El dolor de un hijo: la impotencia de un padre

 


Todos los humanos somos seres emocionales. Alegría, miedo, asco, ira, tristeza, son las emociones predominantes entre otras. Pero cuando tu hijo tiene miedo, puedes abrazarlo o encenderle la luz. Puedes calmarlo susurrándole al oído hasta llevarlo lejos de sus fantasmas. Cuando está triste, puedes convertirte en un payaso digno del Circo del Sol. Si está enfadado, se le regala tiempo para que ponga orden entre los restos de su naufragio. Y así, buscando la alternativa idónea para cada momento, se va construyendo su propio barco, se van desplegando sus alas y, las raíces que lo sustentarán cuando vengan huracanes (que vendrán, porque siempre vienen), se harán profundas, abundantes e inquebrantables.

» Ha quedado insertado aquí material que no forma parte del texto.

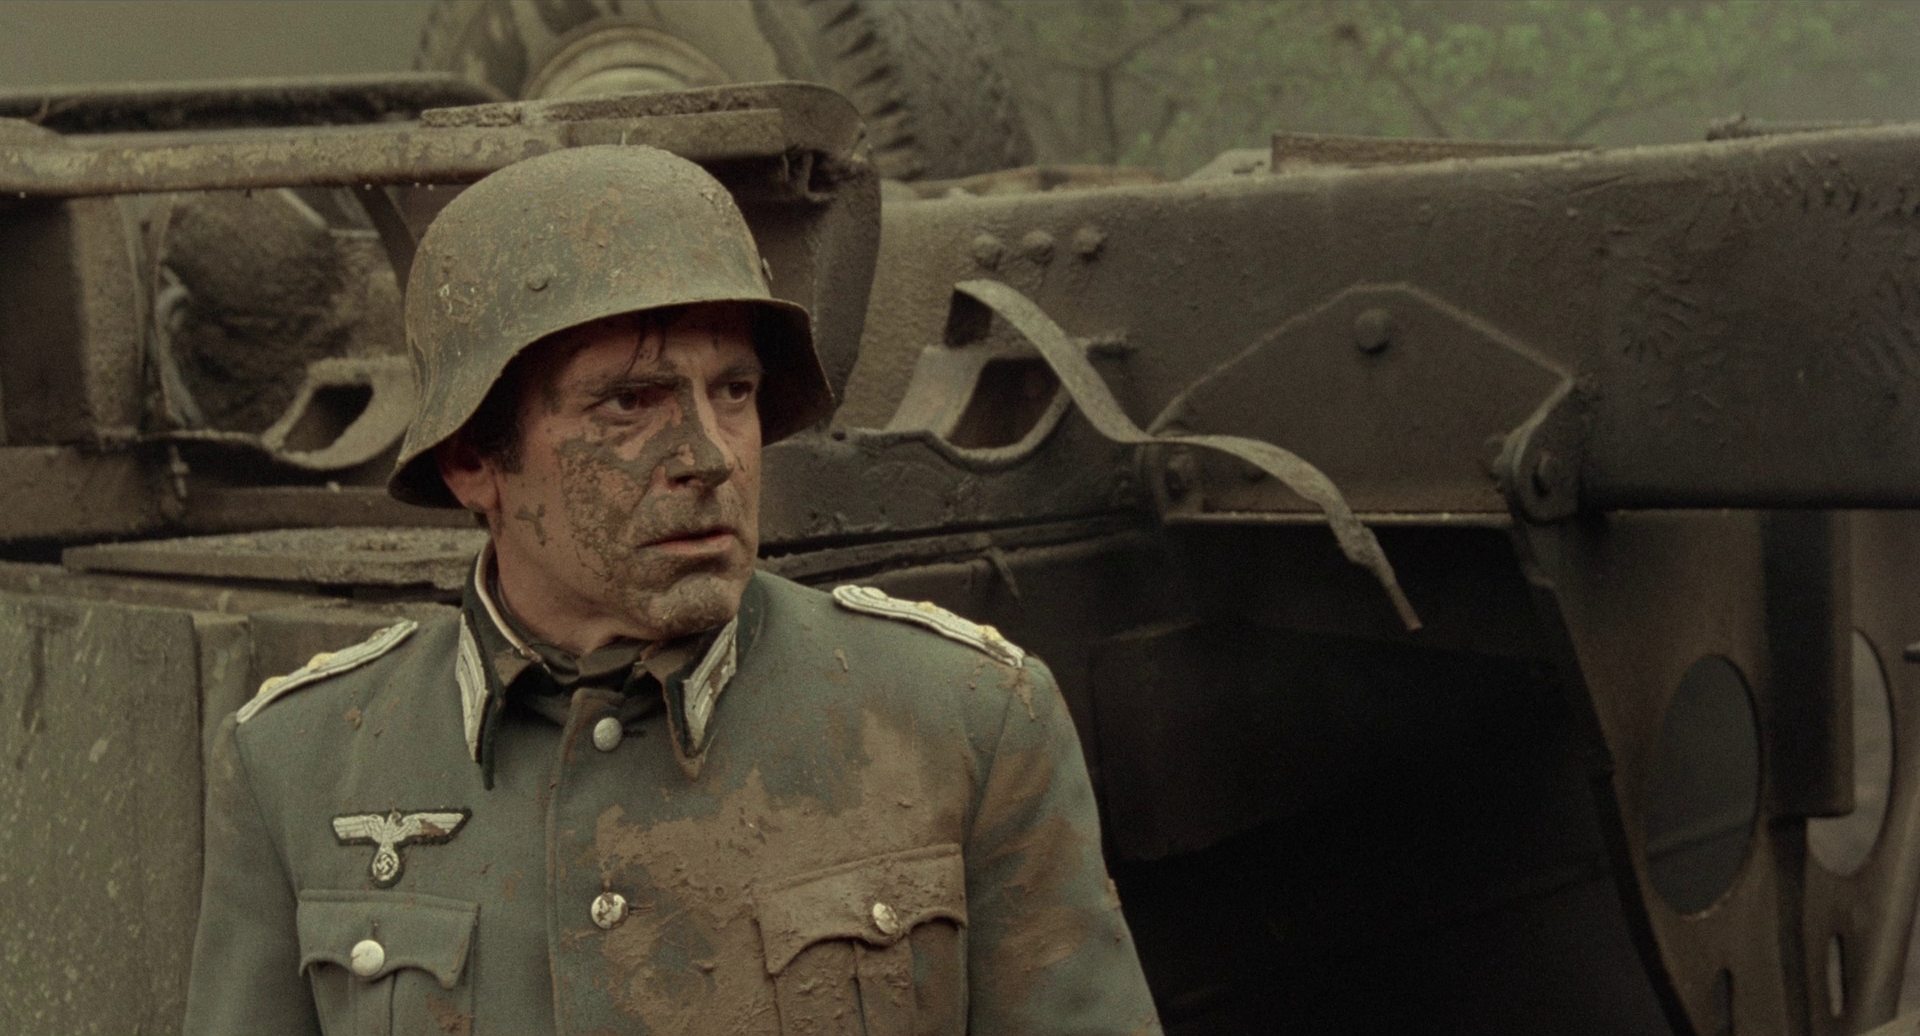 Maximilian Schell als Hauptmann Stransky mit aufgesetztem Stahlhelm, mit Matsch befleckt.

Pero… ¿qué hacer con ese sufrimiento físico que a veces les tensa el alma? ¿qué hacer cuando los vemos gritar de dolor?

Vacunas, extracciones de sangre, picaduras de insectos o medusas, dolores de estómago, afecciones cutáneas,…

Cada vida es única, legítima e intransferible, así que esa opción de cambiarnos por ellos en esos momentos de tortura, no es válida. Solo nos queda esperar de brazos cruzados, viendo cómo se desgarran, hasta que la droga protectora del Dalsy les haga efecto.

Existe un miedo oculto en el interior de los padres que respira en lo más profundo de sus almas. Normalmente no se aprecia, pasa desapercibido, pero en momentos de angustia ruge como un huracán desbocado. Y es el miedo de no poder hacer nada para evitarles el dolor.

(Ningún padre debería sobrevivir nunca a la muerte de un hijo).

Llegamos al mundo para vivir nuestra propia vida, con lo bueno y con lo malo. Y al igual que no podemos suplantar a nuestros hijos cuando se sienten eufóricos o despreocupados del estrés y los problemas del mundo, tampoco podemos cambiarnos por ellos para evitarles tormentos. Hay caminos llenos de espinas que todos tenemos que cruzar descalzos sin que podamos llevarlos en vilo.

Y son tantos los huecos y resquicios que nuestros brazos protectores no pueden abarcar.

Solo nos queda el resguardo, siempre cálido, de un regazo amplio, comprensivo y dispuesto a consolarlos con caricias que dicen: cariño estamos aquí, papá y mamá, siempre a tu lado.